**Data for the task:**
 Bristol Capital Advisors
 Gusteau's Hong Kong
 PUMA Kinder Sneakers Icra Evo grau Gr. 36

==

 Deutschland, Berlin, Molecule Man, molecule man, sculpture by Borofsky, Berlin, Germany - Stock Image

...

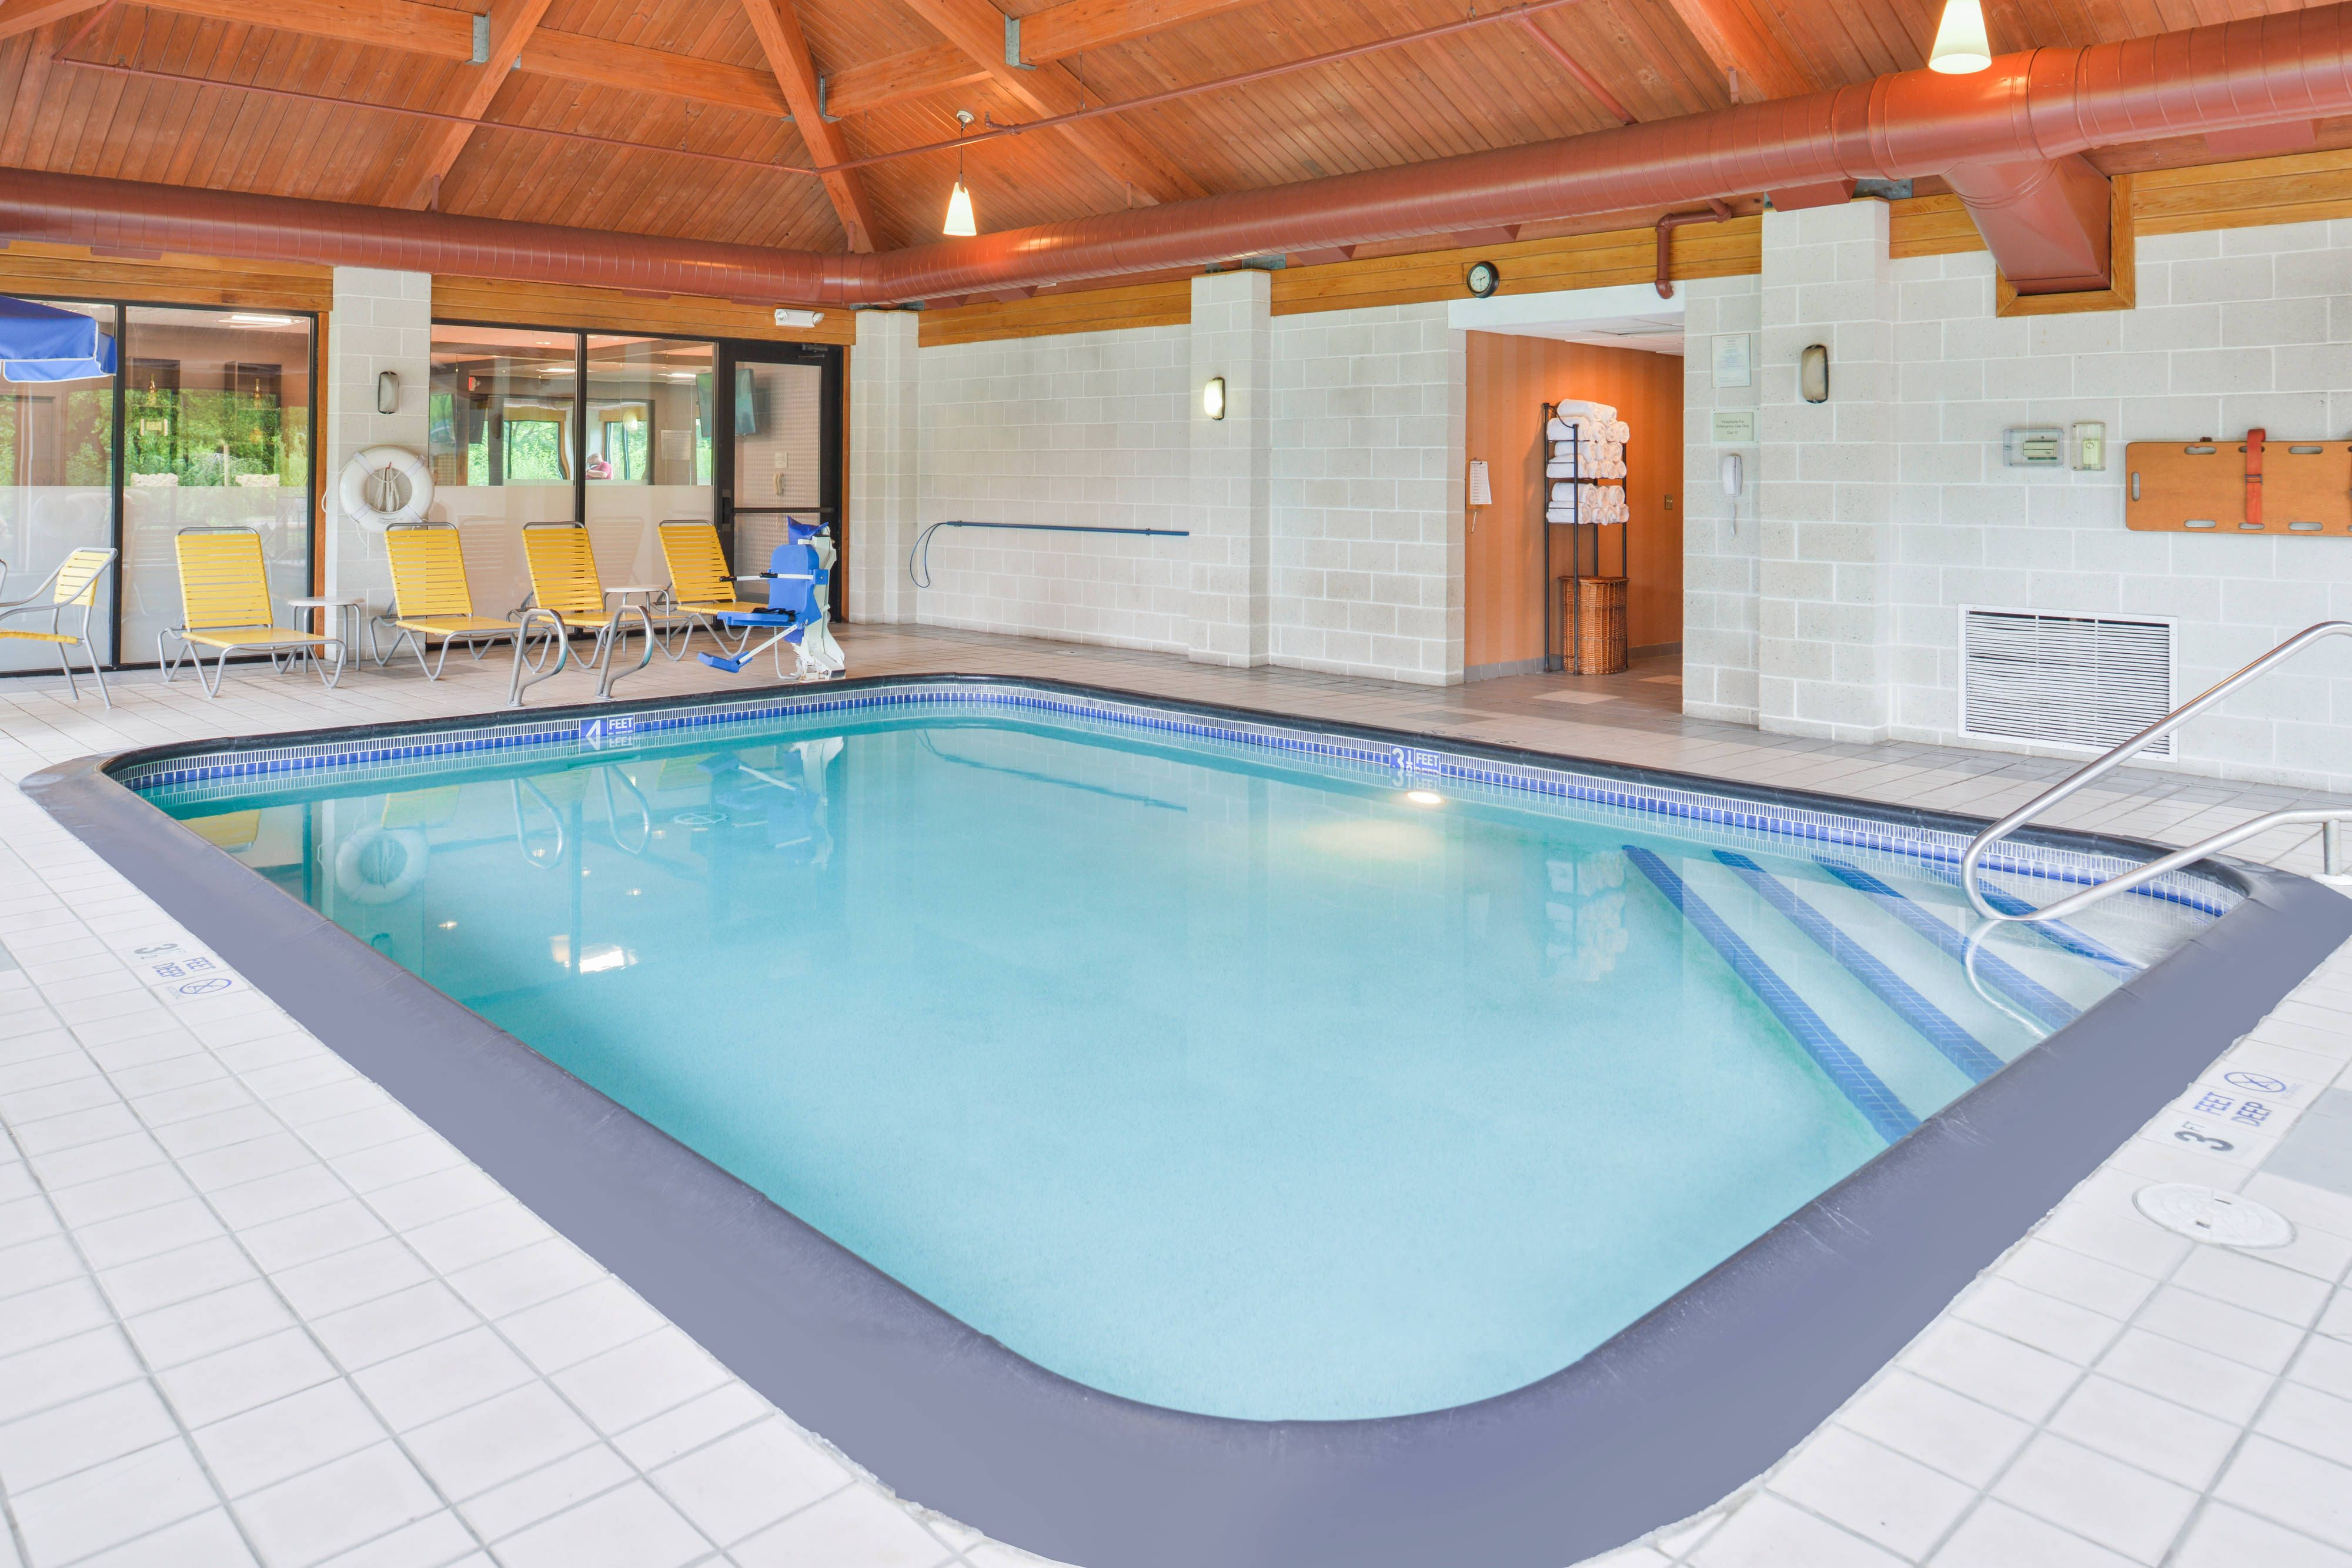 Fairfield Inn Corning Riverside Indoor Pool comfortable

**Work request:** From the line containing "Bristol Capital Advisors" down to the line containing "PUMA Kinder Sneakers Icra Evo grau Gr. 36" in the material above, reproduce every line exactly, including the two end lines.

**Exercise result:**
 Bristol Capital Advisors
 Gusteau's Hong Kong
 PUMA Kinder Sneakers Icra Evo grau Gr. 36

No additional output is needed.